Freitag, 9. April 2010

Mist, ich bin keine Jude!

Ich bin kein Jude, weder von Geburt an noch konvertiert. Schade eigentlich! Niemand nennt mich Schlomo, Golda oder Rafik. Meine Eltern beglückten mich mit einem typischen Mädchennamen der 1968er Jahre: "Daniela". Nicht ganz so schlimm wie "Sandra" oder "Silke", aber auch nicht besser als "Michaela" oder "Manuela". Bei der üblichen Abkürzung "Dani", weil niemand Lust hat, einen viersilbigen Namen auszusprechen, muss man regelmäßig erklären, dass man nicht "der kleine Daniel" ist.
Kein Blitzen in den Augen des Gegenübers, kein "Aha", kein Fragen, kein wissendes Kopfnicken, wenn der Name "Daniela" genannt wird. Im besten Fall rudimentär nach oben gezogene Mundwinkel, meistens aber keine Reaktion.

Mit meiner Religion kann ich auch nicht punkten, keine sauren Brotlaiber, nächtliche Seancen, Selbstmordattentäter oder blutige Rituale. Nur Schokonikoläuse, wegen Trunkenheit zurückgetretene Bischöfinnen und Männer, die Kult mit ihren unterdrückten Trieben treiben. Ich esse gewöhnlich, oft kleines, in sich verschlungenes Laugengebäck. Weder koscher noch vegan. Keine Sterneküche, kein Molekularkochen.

Jüdischen Humor habe ich nicht, obwohl ich sehr darüber lachen kann. Ich bin kein Schwabe, sonst könnte ich wenigstens kein Hochdeutsch und wäre überall. Ein Hoch auf das Klischee! Mir fehlt die Gelassenheit eines Dalaih Lamas und die Chuzpe der roten Zora. Bei schlechter Musik geht es mir schlecht.
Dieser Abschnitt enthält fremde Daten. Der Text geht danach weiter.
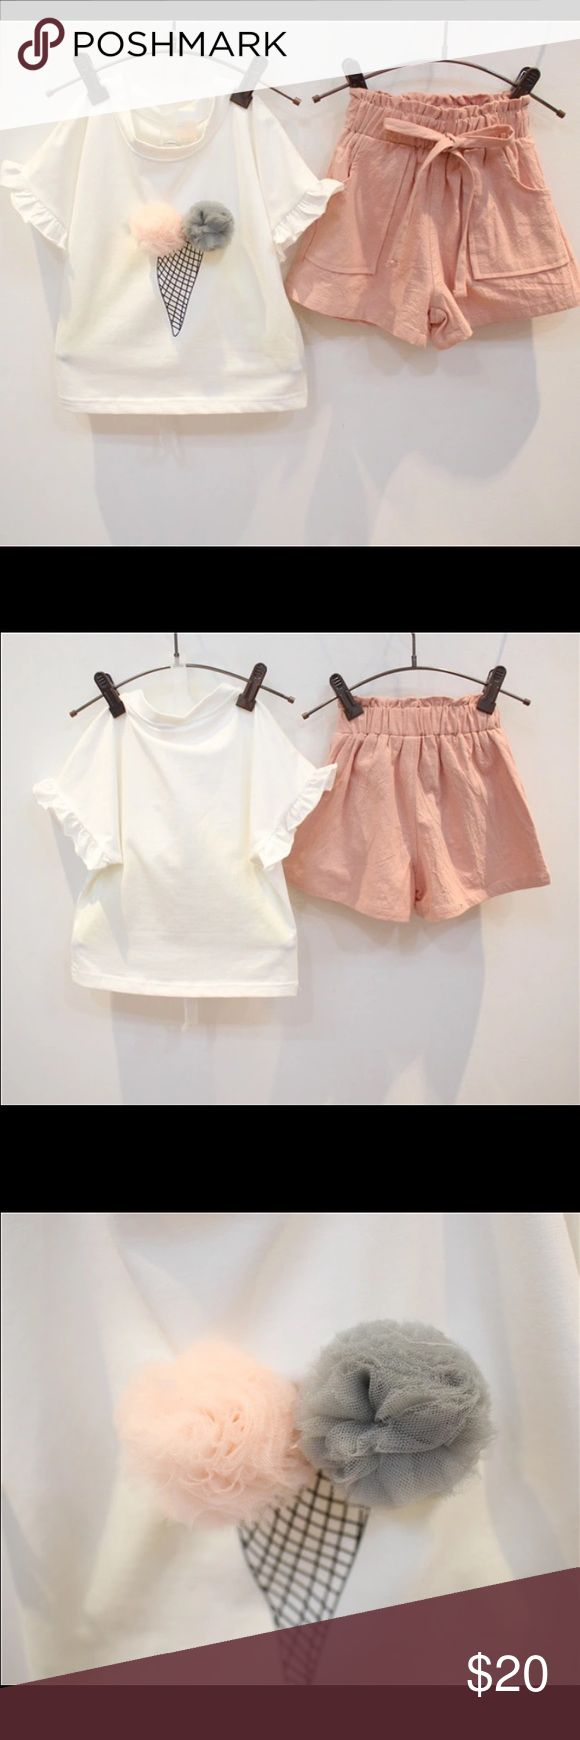 Ice Cream tee & Short Set Ice Cream tshirt with a linen short. Matching Sets

Leider kann ich auch nicht mit einer kollektiven, schrecklichen Vergangenheit aufwarten. Meine Vorfahren wurden möglicherweise vertrieben, aber daran kann sich niemand mehr erinnern. Vielleicht trugen sie viersilbige Vornamen. Allerdings wurden sie weder vergast noch in Arbeitslager gesteckt. Nicht als Gelbfüßler oder Ossis verunglimpft und auch nicht an ein Kreuz genagelt. Kennt zufällig jemand die Holzsorte der damals handelsüblichen Kreuze?

Niemand fragt mich, wie ich das Trauma meiner Kindheit trotz Quench, TriTop und Barbapapa überstanden habe und ob ich meine Erinnerungen nicht in einem Buch, Film oder künstlerischer Installation verarbeiten möchte.

Die Erkenntnis ist bitter, ich bin mainstream. Aber ich hab' am 11.11. Geburtstag und bin am Niederrhein aufgewachsen. Reicht das vielleicht?